Your distinctions are very helpful. Would a Palamite say that since God is incomprehensible in se (and not merely to us), he is incomprehensible to himself?

Best wishes,
Cynthia


First of all, Palamites, like good Thomists, disagree amongst themselves. For example, as regards the essence/energy distinction in God, one of the most strenuous advocates of the reality of the distinction is Vladimir Lossky, who claims it is no abstraction. Against this large group of interpreters of Palamas stands a smaller group who are less sure Gregory intends the distinction to be real but take it rather to be conceptual or nominal [which is, in reality, to say nothing!]. Meyendorff, on the one hand, asserts: “The triple distinction — essence, hypostasis, energy — is not a division of God’s being; it reflects the mysterious life of the ‘One-who-is’—transcendent, tri-personal, and present to His creation.” Similarly, he writes; “[Byzantine theology crystallised in Palamism] affirms in God a real distinction between the Persons and the common ‘essence,’ just as it maintains that the same God is both transcendent (in the ‘essence’) and immanent (in the ‘energies’).” Note that Meyendorff does not here claim there is a real distinction between the essence and the energies, as he does between the persons and the common essence [whatever that is?].

Now to address your question: is God Incomprehensible to Himself? In short, we will never know. It simply transcends us.
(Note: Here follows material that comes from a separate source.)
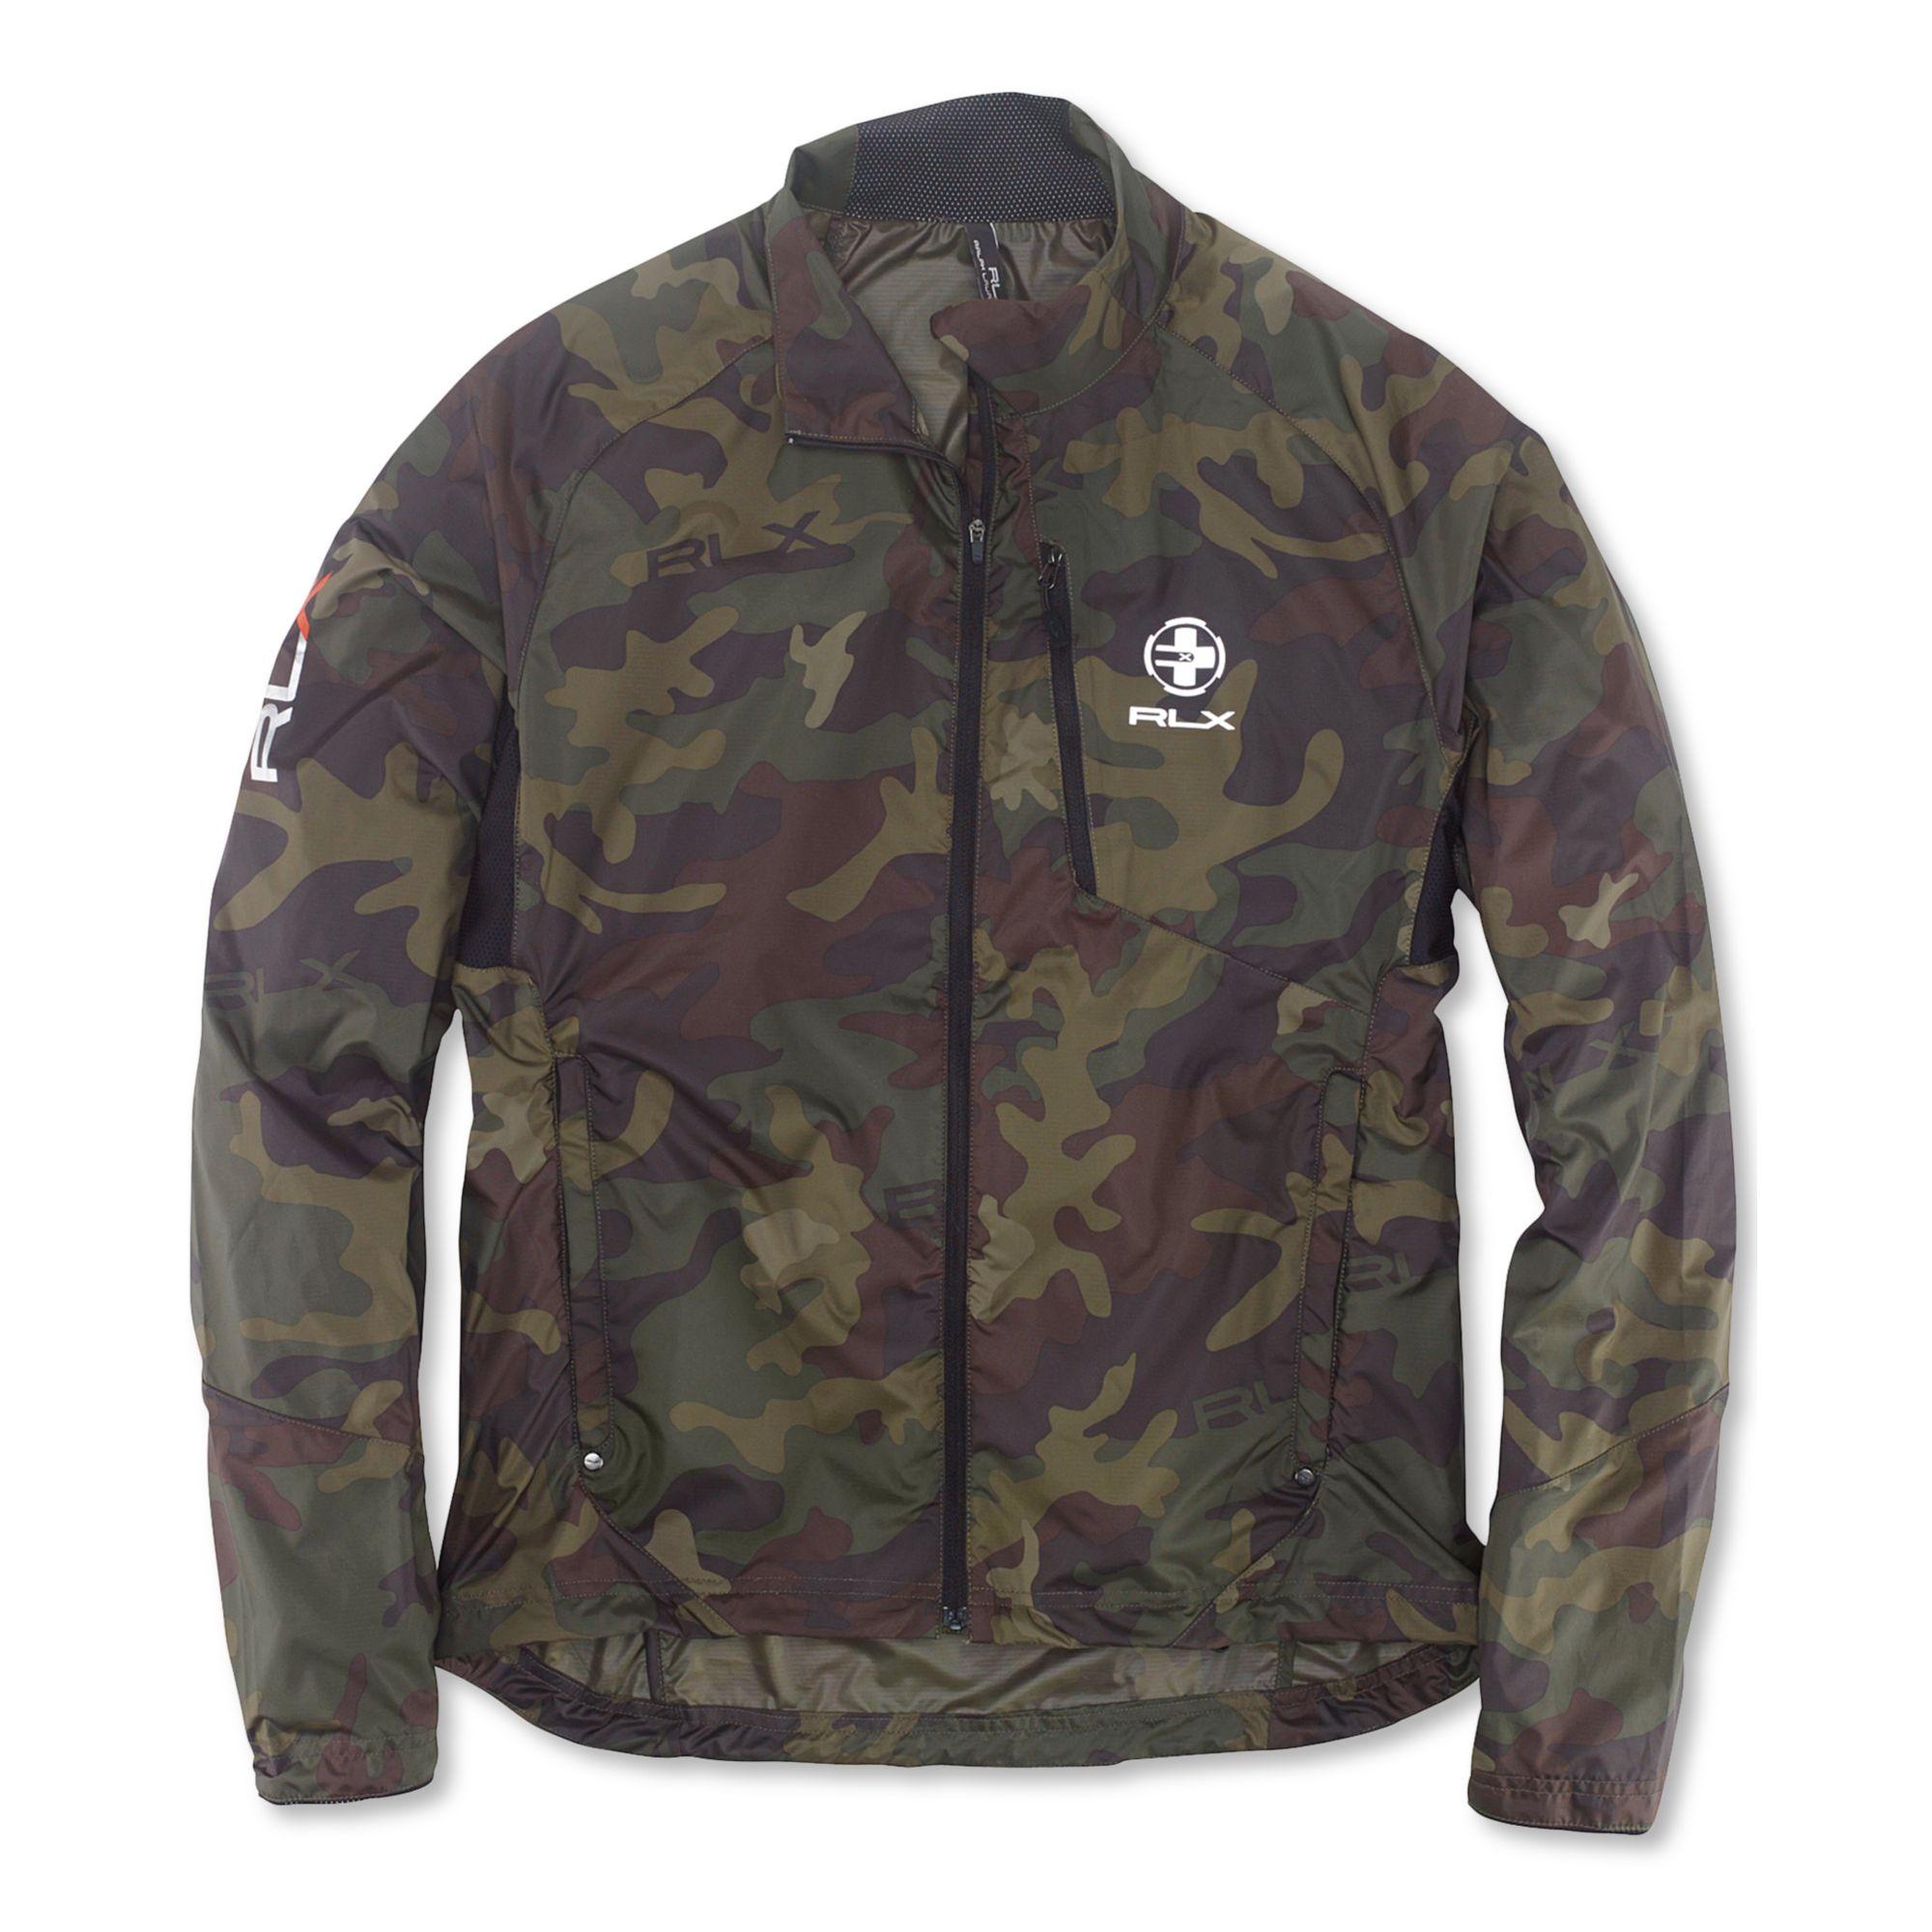 Ralph Lauren Polo Rlx Packable Trailwind Camouflage Jacket ...

Palamas, in the Triads, makes the point regarding transcendence both in the distinction between the essence and creation and in the distinction between the essence and energies. “God is entirely present in each of the divine energies… although, it is clear that he transcends all of them,” (III.2.7); more strongly, he maintains: “[The essence of God] is not only transcendent to any energy whatsoever, but… it transcends them ‘to an infinite degree and an infinite number of times’ (III.2.8). However, what these texts from the Triads point to is not so much the desire to emphasize the transcendence of the essence in relation to the energies for its own sake as to use that comparison as a way of making the strongest possible case for the transcendence of divine essence over everything: “The essence of God, surpassing every name, also surpasses the energy” (III.2.10), “God is not only above all created things, but is even beyond Godhead” (II.3.8) and more strongly still: “If God does not possess energies without beginning . . . how would he be anterior and superior to that which is without beginning?” (III.3.8). God, then, is the One who transcends all and is separated from all (I.3.18).